Dolan told me, "It looks like maybe your boyfriend the conspiracy nut wasn't such a nut after all."

"Could be, but I'm still having a lot of trouble believing that a Catholic schoolboy's lurid fantasies about what makes the world go round might actually exist in modern-day reality. The evidence, however, does seem to keep pointing that way."

Dolan said, "The world we live in isn't the same world it was just ten years ago.

Nowadays they don't call these things conspiracies, though. Now it's called synergy."

Dolan soon hung up to resume the night's sleep I'd interrupted, and I, too, caught a few hours of restless semicon-sciousness, before heading to the airport and the flight to Cancun, my second in three days.

When I rounded the first bend in the Los Pajaros beach road, I saw not one but three vehicles in the driveway of Jorge Ramos's house. The big mud-spattered Suburban was there, along with a couple of Jeep Cherokees. I drove on, glancing at the house in hope of catching a glimpse of Suter. All the louvered windows were open, but I saw no one inside moving about.

Walking up and boldly knocking on the front door would have been macho in a way that might have been appreciated locally, but it might also have been suicidal. So if Suter was inside the house and still alive, I knew I'd have to get to him in some other way. I turned around at the next driveway, maneuvered my rental car through the mud and potholes back out to the main highway, then drove back up 307 to a hotel near Yalku.

I rented snorkeling equipment, reluctantly leaving my passport as collateral, and returned to the beach road, parking at a closed-up and apparently unoccupied house a third of a mile up the beach from the Ramos house. I changed into my bathing suit, and ten minutes later I — was floating twenty yards off the Ramos beach, interested in the gray ray that flopped across the sandy seafloor six or seven feet beneath me, but even more interested in the scene on the Ramos terrace. Two large, muscular, dark-haired men in chinos and polo shirts were seated in the shade of the house, one on a chaise and one in a deck chair, and a third man in a skimpy bathing suit-I recognized him from the now all-too-familiar head of hair-sat stretched out on a chair in the sun.

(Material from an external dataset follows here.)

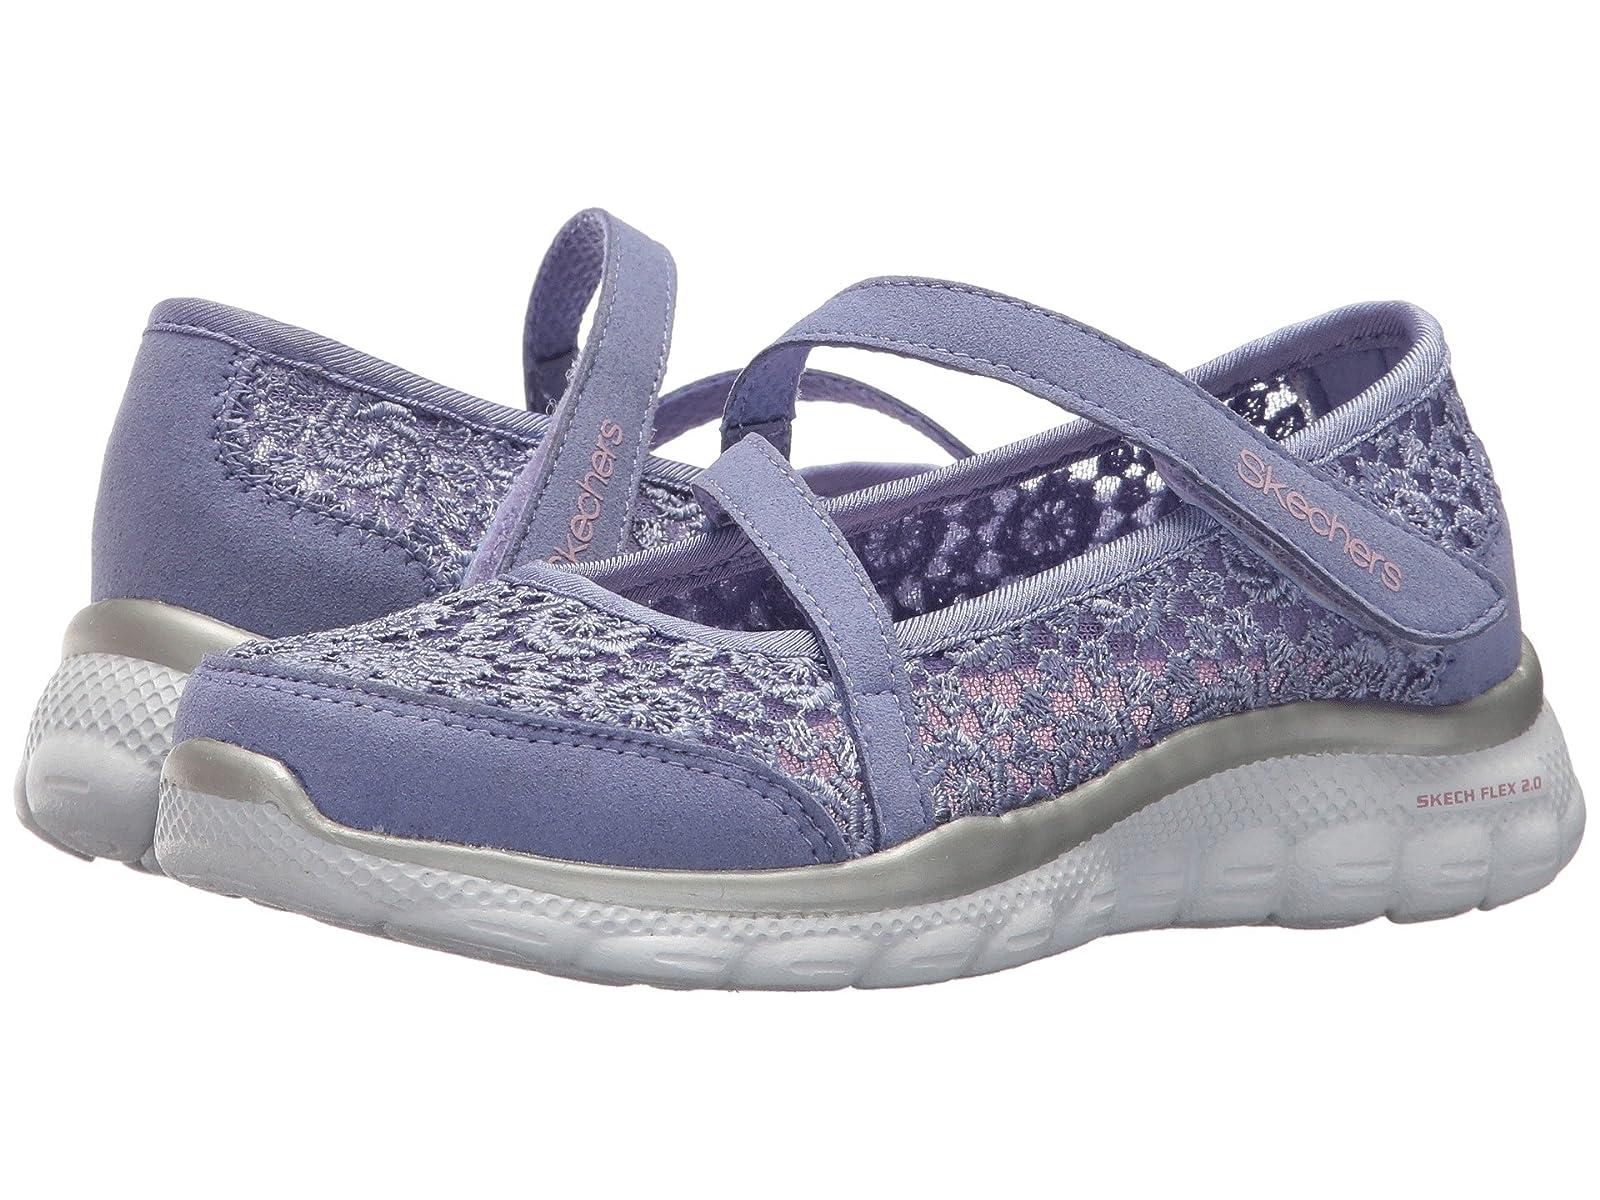 SKECHERS KIDS Skech Flex 2.0 85219L (Little Kid/Big Kid)Cheap and distinctive eye-catching shoes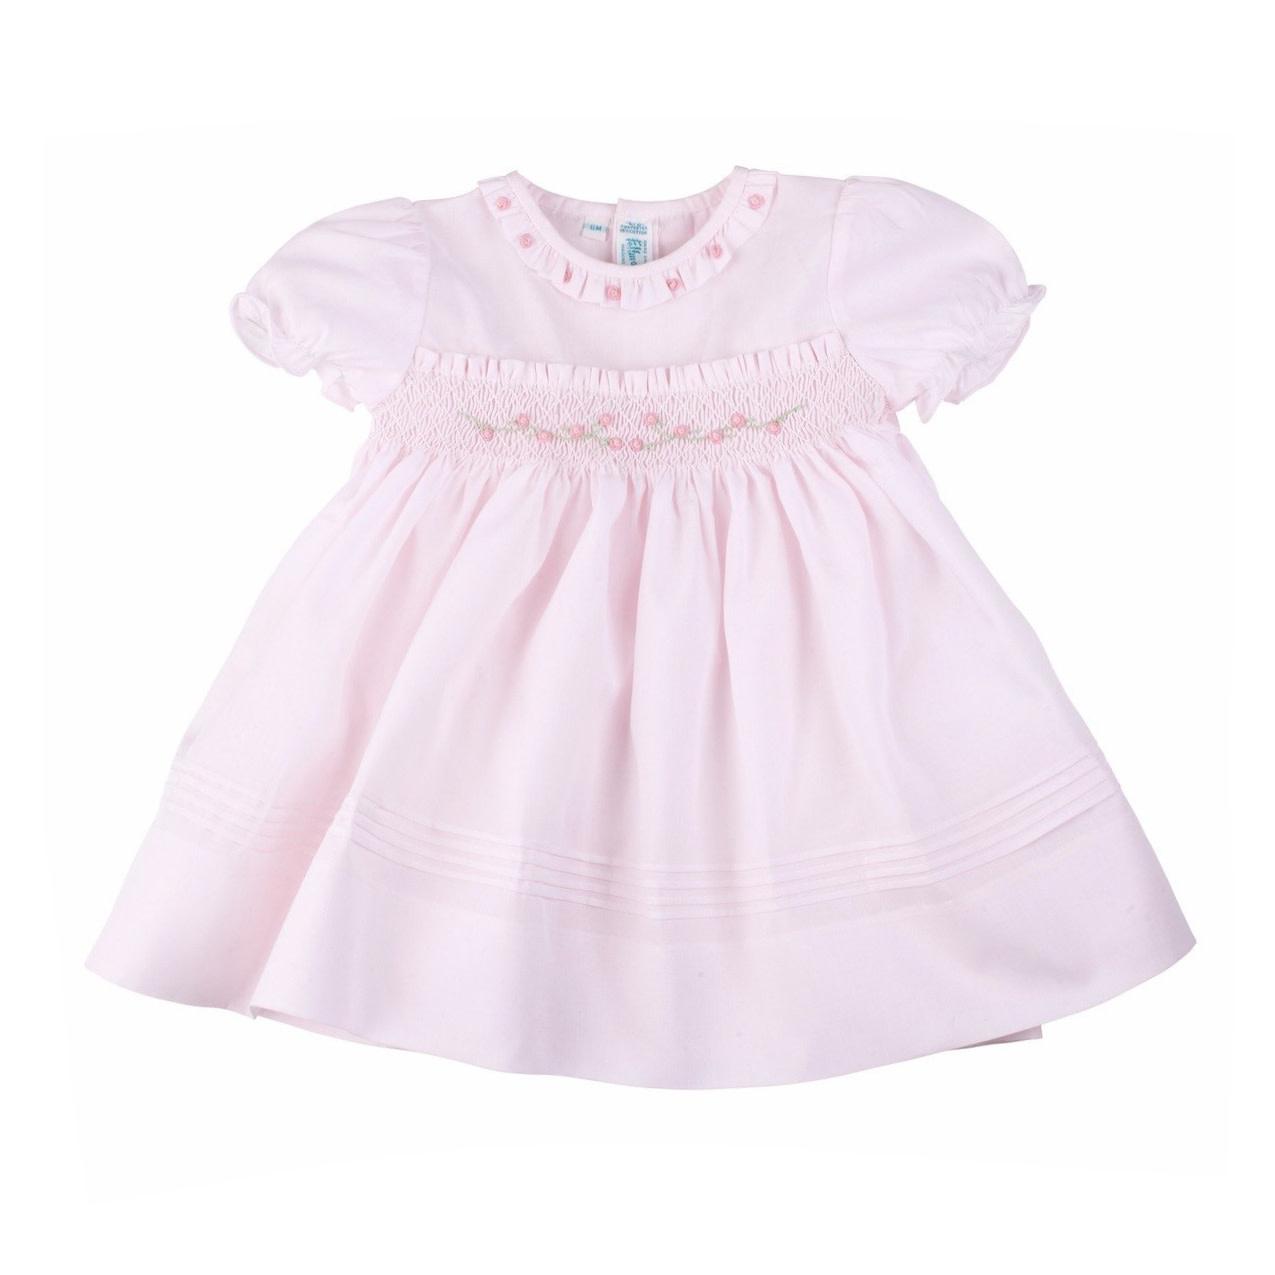 Feltman Brothers Pink Rose Garden Collection Dress

For fifteen minutes I swam slowly back and forth, like a U-boat off Scotland, hoping the two guards, if that's what they were-was one of them Jorge? would go inside the house. Finally one of them did get up, but the other one stayed put. The one who went inside, however, returned shortly with a couple of bottles, it looked like, and another object. The second man then joined him at a round table where they both seated themselves and began to do something with the unidentifiable object. A deck of cards? No, the motions were not card-playing motions. When the two seemed to become more deeply engrossed in their activity, I moved in closer to shore. Suter now seemed to be looking my way, so I lifted my mask, pointed theatrically at my upper lip, then vigorously and repeatedly shot Suter the finger. When I saw him stiffen and continue to stare at me, I pulled my mask back down and resumed an easy breaststroke in a northerly direction.

A moment later, when I glanced his way, Suter stood up, slipped out of his bathing trunks, and headed toward me in a leisurely way. With the sun above him, he was magnificent to behold. But now his beauty kindled not appreciation or desire in me, just sudden anger. What a careless, destructive man he was.

And when he reached me and chimed, "Strachey, I thought you'd never show up!" it was all I could do to keep from swatting him with my snorkeling mask.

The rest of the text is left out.